After you've washed your pet, continue to monitor his behavior and check whether he's still touching the rash. "If your dog is still scratching or trying to lick the rash, you can apply a cold compress to the rash area or keep a fan on your pet. The cool air will help to soothe the skin and reduce irritation," says Dr. Glass.

If needed, apply the appropriate size recovery cone or cloud collar to prevent him from further irritating the rash area.

Boy and Dog Running in the Forest
Boy and Dog Running in the Forest. Getty - Digital Vision/LWA

What Else Should You Know About Poison Ivy And Dogs?

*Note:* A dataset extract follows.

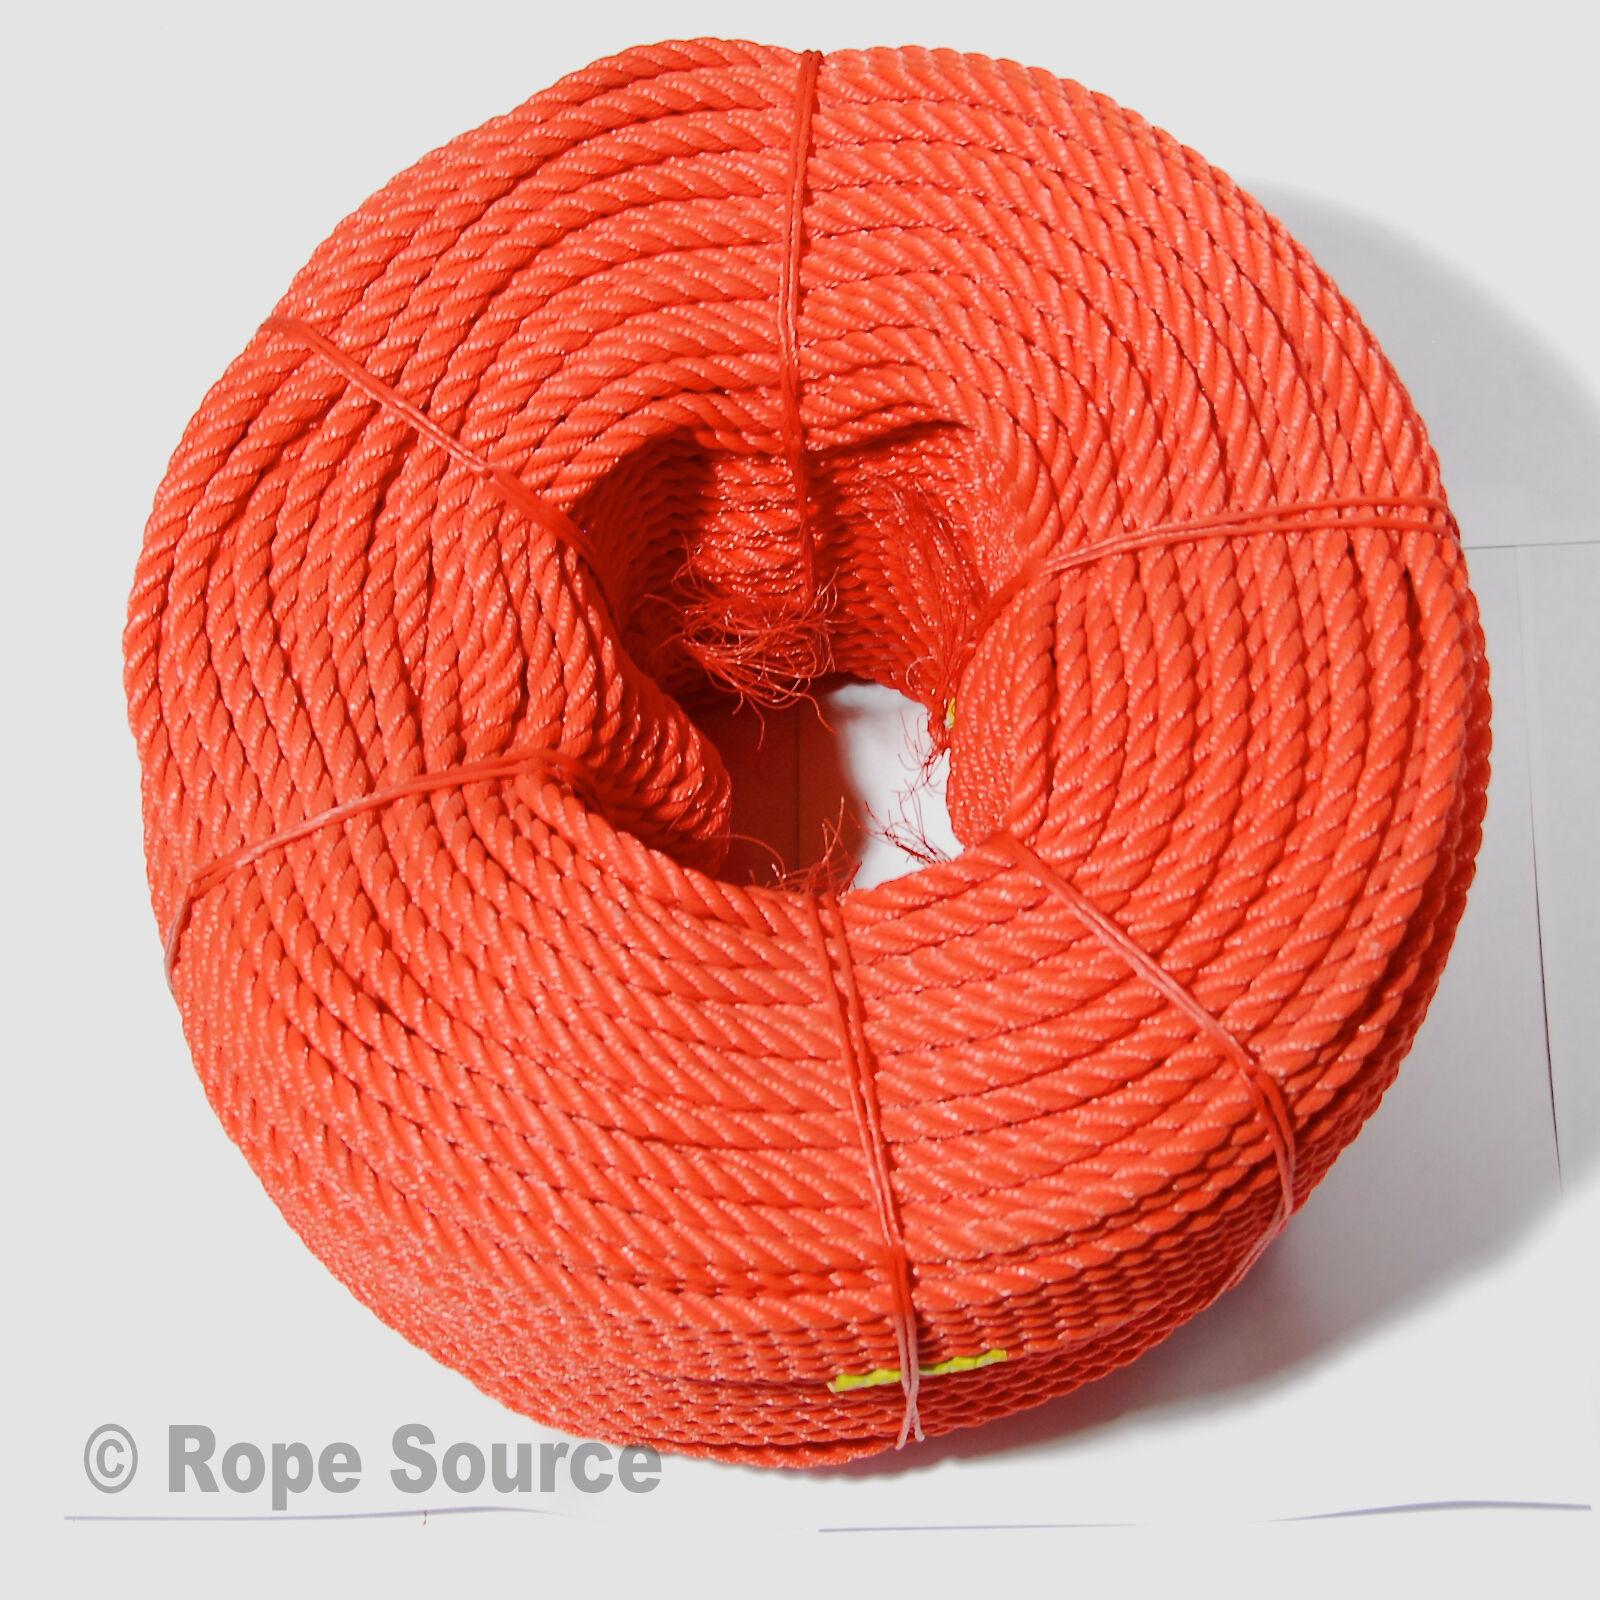 'EVERLASTO' orange FLOATING LIFELINE RESCUE ROPE - 6MM - VARIOUS LENGTHS
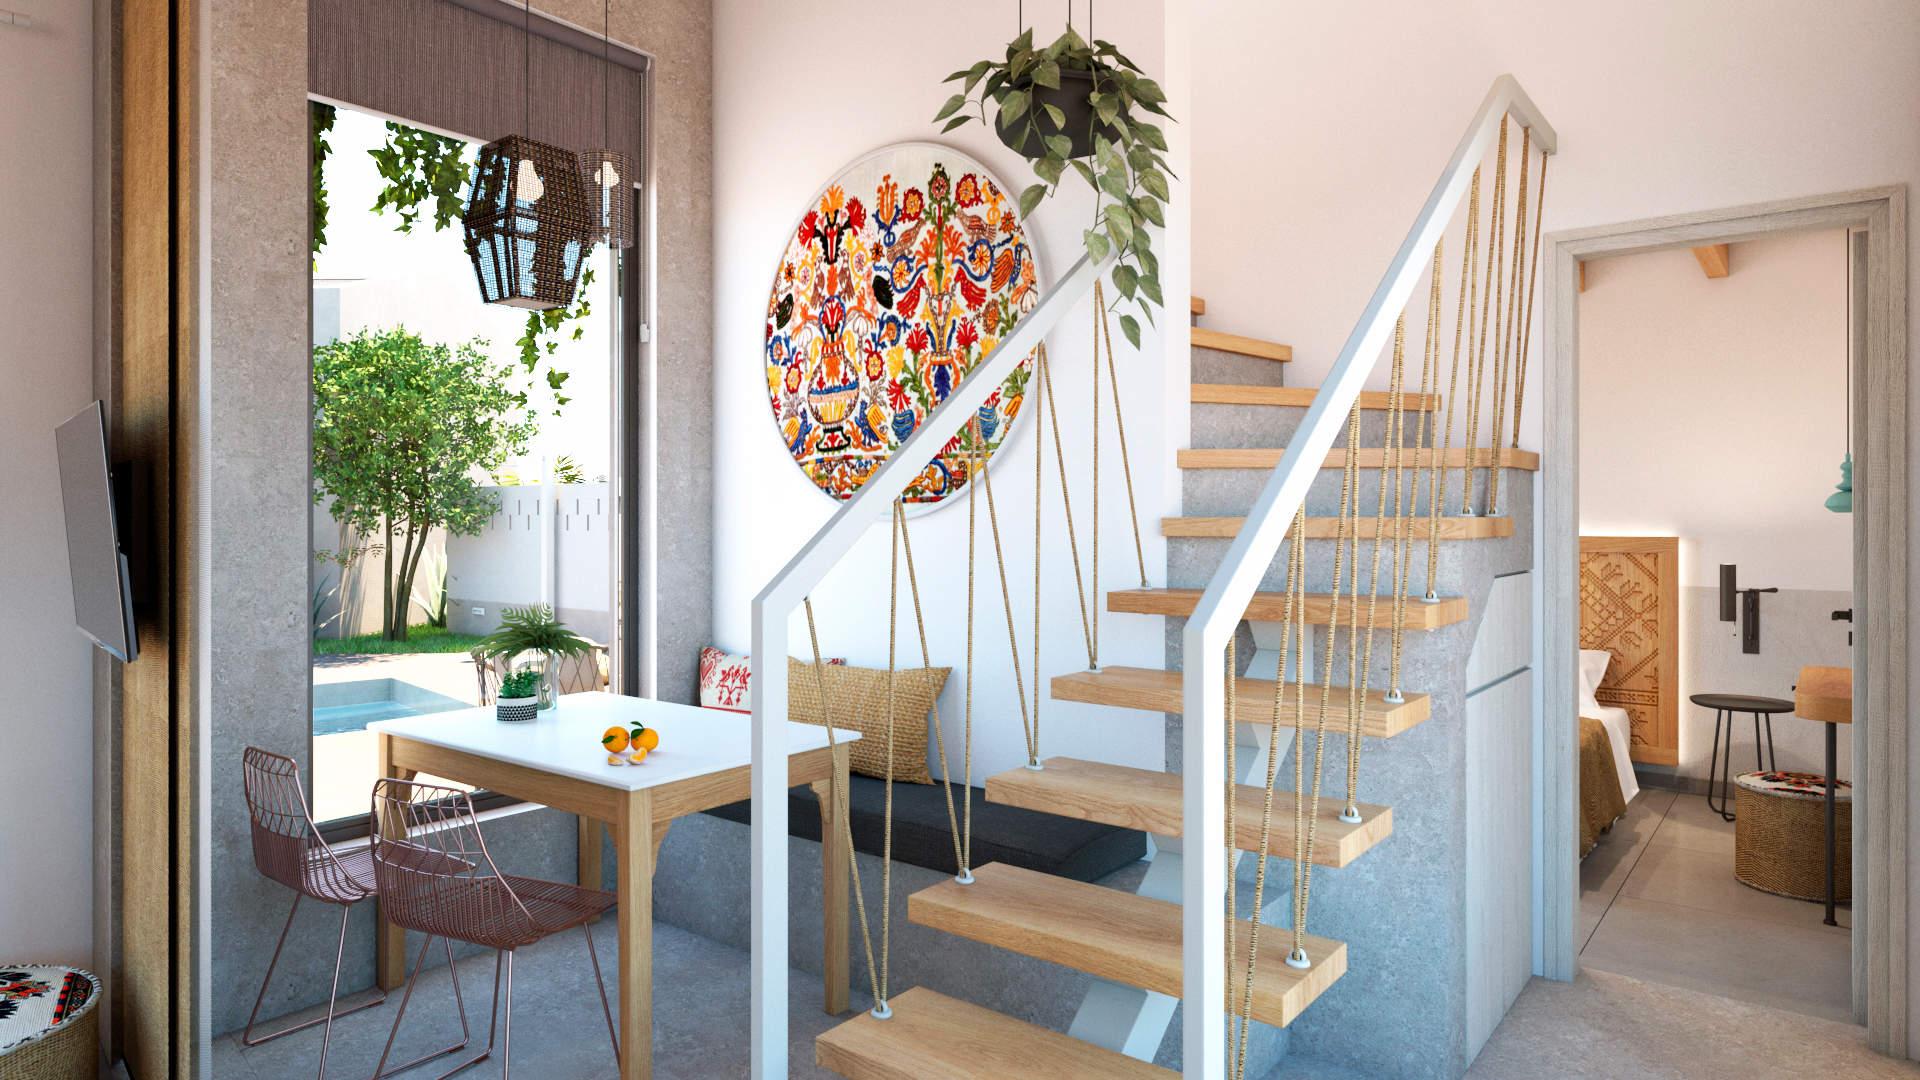 villas complex, interior design, dining room and stairs. Συγκρότημα τουριστικών κατοικιών, εσωτερικός χώρος, τραπεζαρία.

If your dog has been in contact with poison ivy, know that he can also pass it on to you or even your other pets. You can contract the rash from petting a dog's coat who's been exposed to the plant and still has some sap or oil on his coat. Your other pets can get it too if one of them rubs up against the pup with poison ivy or oak. This makes it crucial that you wash your pet and everything he's come in contact with before the bath, including other pets, bedding, or furniture just to be safe.

Poison ivy and oak are most common in the eastern and midwestern states but grow throughout North America. Learn what the plants look like so you and your pup can avoid them this summer.